I had a group of 6 calling male leucomelas. Their calling one on top of each other had an additive affect that was really aweful (especially at 5:00AM!!) One or two at a time is pleasant, pretty even, though.


----------



## RecycledAgain (Oct 26, 2008)

I would say its a toss up between my leucomelas and the Immis.. just pick one.. I would say the Leucs..
Dan


----------



## Bcs TX (Sep 13, 2008)

I have leucs calling now and my pums are louder and more constant. I would vote the Pums are the loudest in my collection.


----------



## fleshfrombone (Jun 15, 2008)

My lamasi are pretty loud. Sounds like a cricket chirping.


----------



## Shockfrog (Apr 14, 2004)

1st = Allobates talamancae! 
2nd = Allobates femoralis I think.

Especially the talamancae are nothing compared to trivi, bassleri, silverstonei, and many other loud species...


----------



## MD_Frogger (Sep 9, 2008)

My sylvaticus lita is the loudest I have right now but am curious to see if one of my banded leuc juvies turns out to be a male to see which is louder.


----------



## ChrisK (Oct 28, 2008)

MD_Frogger said:


> My sylvaticus lita is the loudest I have right now


Mine is pretty loud too but strangely my male Uyama pumilio can match him


----------



## fleshfrombone (Jun 15, 2008)

LOL forget the lamasi, my azureiventris I just got are unbelievably loud. They've woken me from a dead sleep and I even heard them over the Dark Knight (anyone who's seen the movie knows how loud it gets). I'm seriously considering moving them to another part of the house.


----------



## vugger#1 (Jul 20, 2009)

My Luec's are the loadest but my Aurotaenia's are a close 2nd.


----------



## kingnicky101 (Feb 20, 2009)

My terribilis sounds like a monkey.


----------



## kyle1745 (Feb 15, 2004)

Allobates zaparo, and Bassleri, will wake the dead.


----------



## Enlightened Rogue (Mar 21, 2006)

My Leucs.....6am......every morning.

John


----------



## Mr. Bronze (Aug 22, 2009)

The Coqui is the loudest frog by far!


----------



## brooklyndartfrogs (Nov 19, 2005)

My Coqui is definitely the loudest in my house!
I can hear him all the way upstairs!
Andy


----------



## Julio (Oct 8, 2007)

that might be the case, but they are not darts.


----------



## Mr. Bronze (Aug 22, 2009)

Julio said:


> that might be the case, but they are not darts.

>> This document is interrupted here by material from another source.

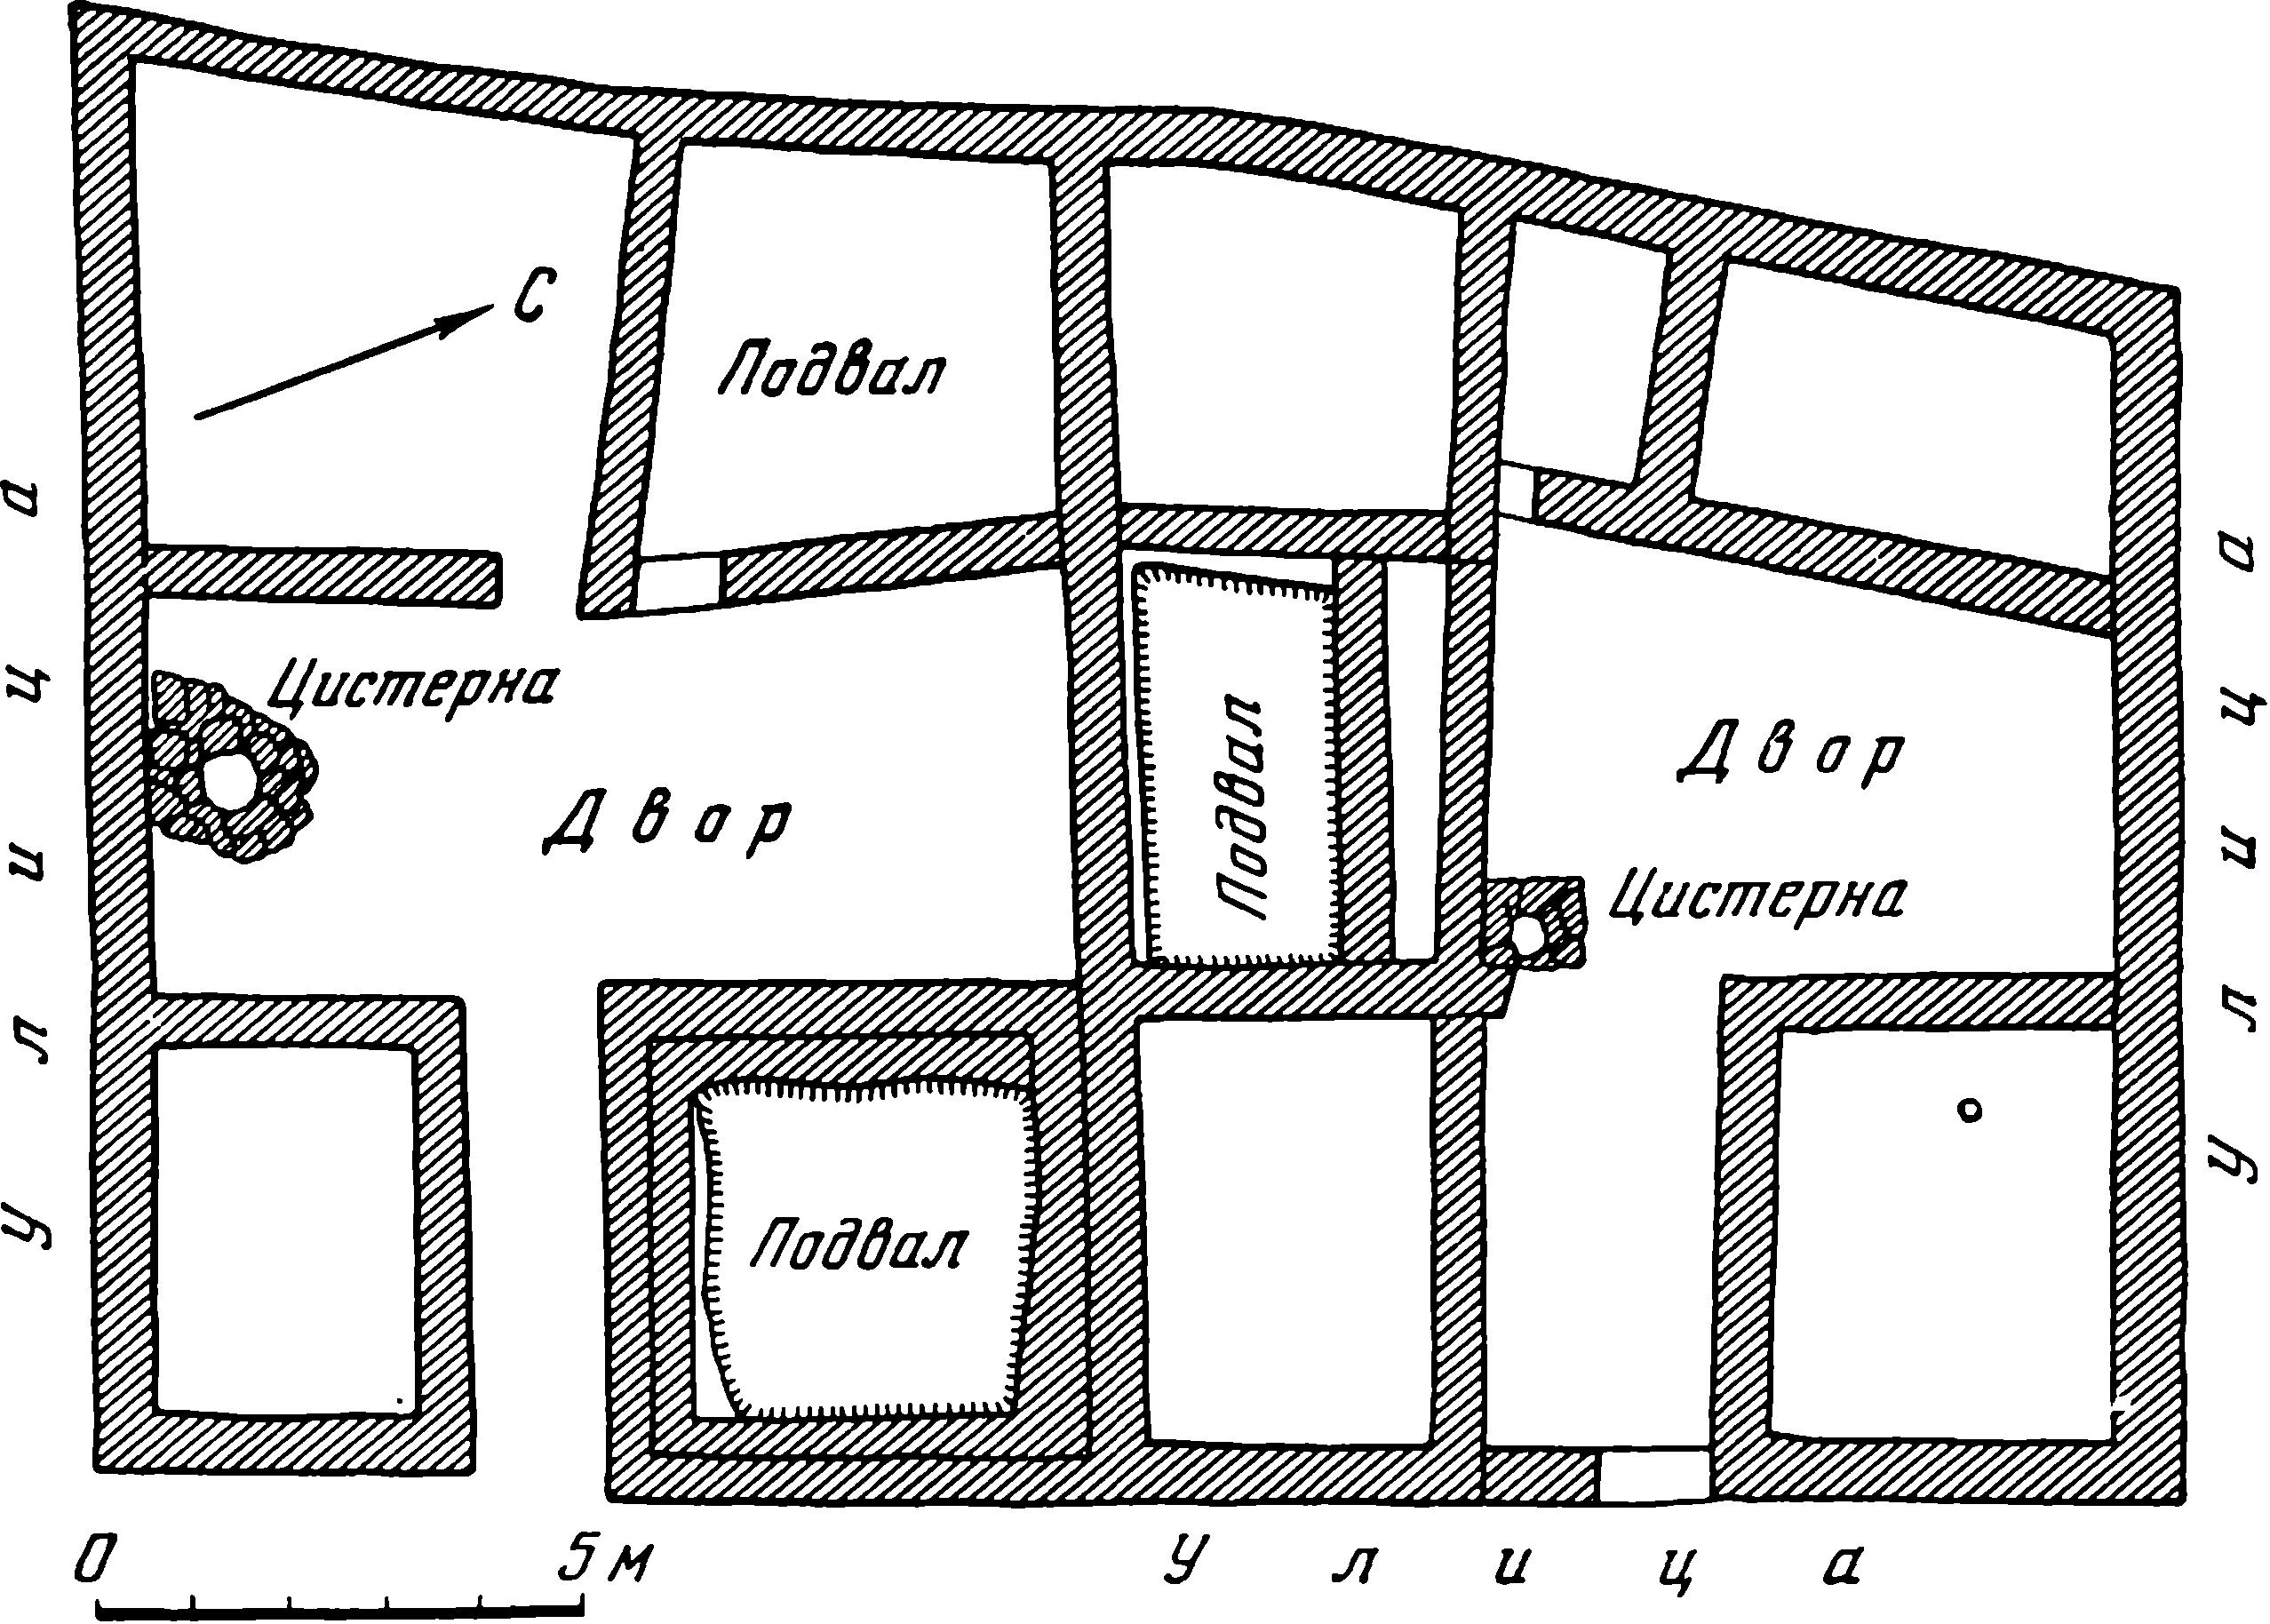 ap-36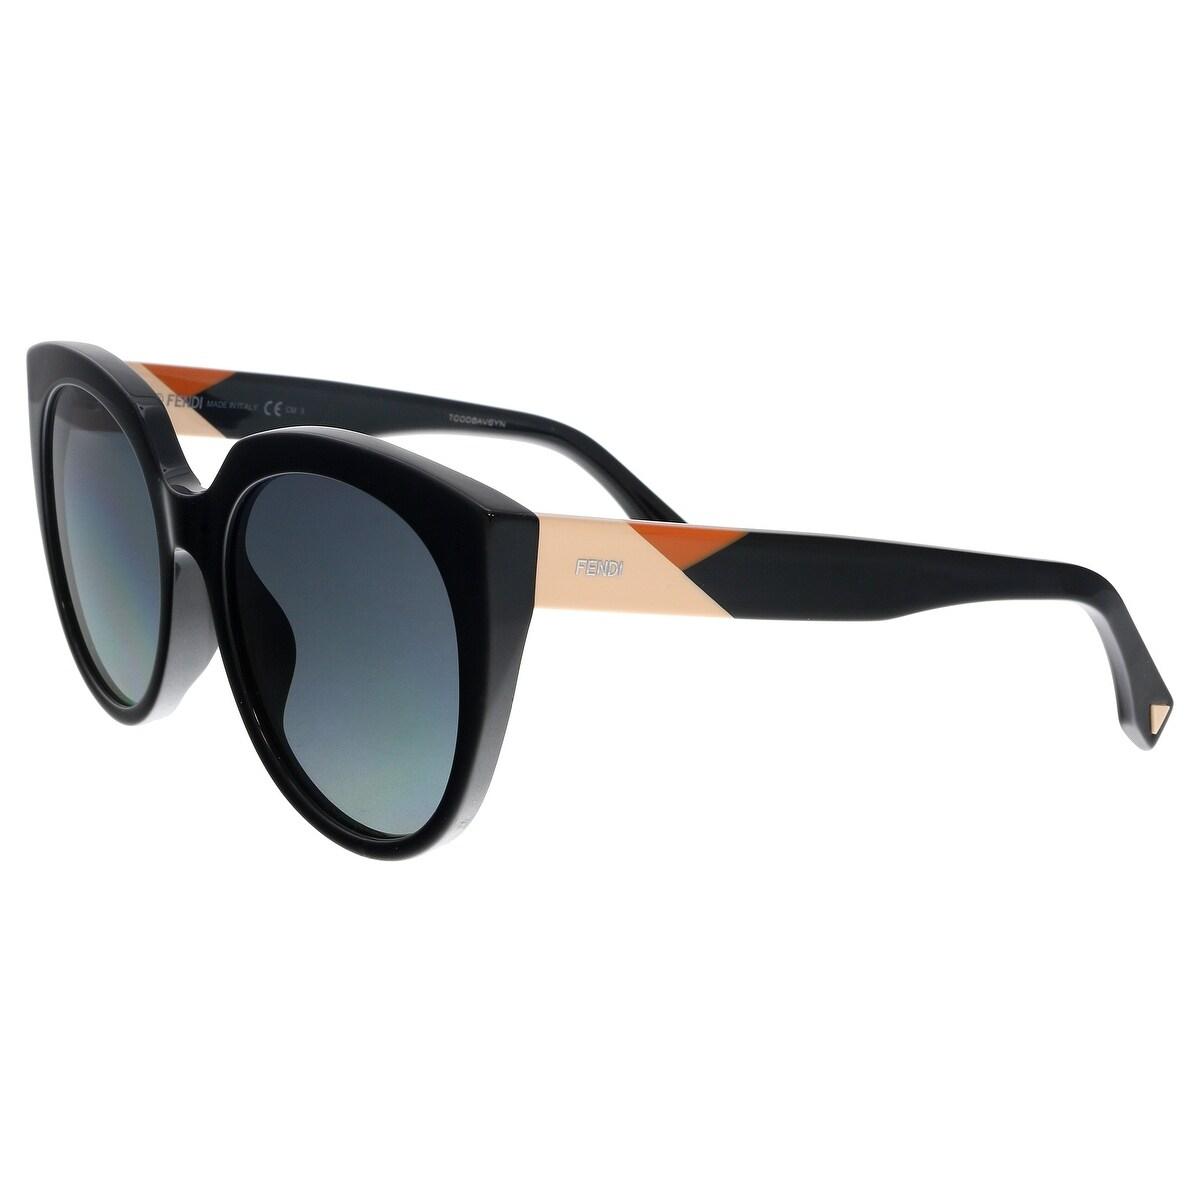 74358537786 Plastic Fendi Women s Sunglasses

Your right about that, Coqui reproduction its what makes this frog so unique. Coqui's are more like the tree frogs. Only 17 species of Coqui recognized so far, but their more species of them. Some of them are thumbnail size. On the other hand they do have some kind of substance on their skin so predators won't eat them similar to dart frogs. I have test this with Oscar and Arawana fish I had in the past. Both fish swallowed the Coqui treat and rejected about 2 seconds later, both Coqui unharmed, both fish recognized Coqui and never attempted to taste a Coqui again.


----------



## stemcellular (Jun 26, 2008)

Ameerega altamazonica....beats the femoralis, zaps, bassleri, pepperi, terribilis, etc. Unbelievably loud!


----------



## botanyboy03 (Apr 18, 2009)

Stem- Who else is calling in the background? I recognize the call but cant for the life of me think of who it is.

The only thing I have calling yet is an azureiventris, which just started a week ago. I have 2 which came OOW in October, and one in August, and I noticed this morning it isnt the August one calling, so maybe the biggest one is a female( Let's hope it is, Kat has great frogs though). I couldn't isolate the male this morning though. Could hear him, just couldn't spot him. So that means around 4 month calling. It's kinda weak, and he usually calls at lights on, and right after lights out.


----------



## RarePlantBroker (Aug 3, 2008)

My Leuc's, Vittatus, and Imitator's are pretty loud, but hands down the winners around here are my SI Anthonyi. I can hear them across the house in a room with the door closed and a fan running.... At least they've stopped calling at 4 in the morning....


----------



## Boondoggle (Dec 9, 2007)

I used to think my leucs were loud, but now I can't hear them over my SI Anthonyi.


----------



## Azurel (Aug 5, 2010)

Cool thread to bad there are not more videos of calling.....I will have to get one of my R.veraderos....This male I have is desperate for some attention, I can here him up the stairs laying in bed on the second floor. The viv has a 6"x1" vent so not that big and he calls all day. I can hear him over a 3 and 4 years old fighting and that gets loud. 

I have some R. variabilis coming will be interesting to see a comparison.....

But when it comes to loud although not a dart my Gray Tree Frogs take the cake.


----------



## Pumilo (Sep 4, 2010)

kyle1745 said:


> Allobates zaparo, and Bassleri, will wake the dead.


I used to breed Allobates Zaparo. Back then it was Epipidobates Zaparo. The frog room was downstairs, behind a closed door. The Viv had no vents at all. We could hear them quite plainly over the TV set! Sounded like rusty bedsprings. I had 3 males fighting for the attention on one female. Definitely the loudest dart I've ever heard!
Doug


----------



## stemcellular (Jun 26, 2008)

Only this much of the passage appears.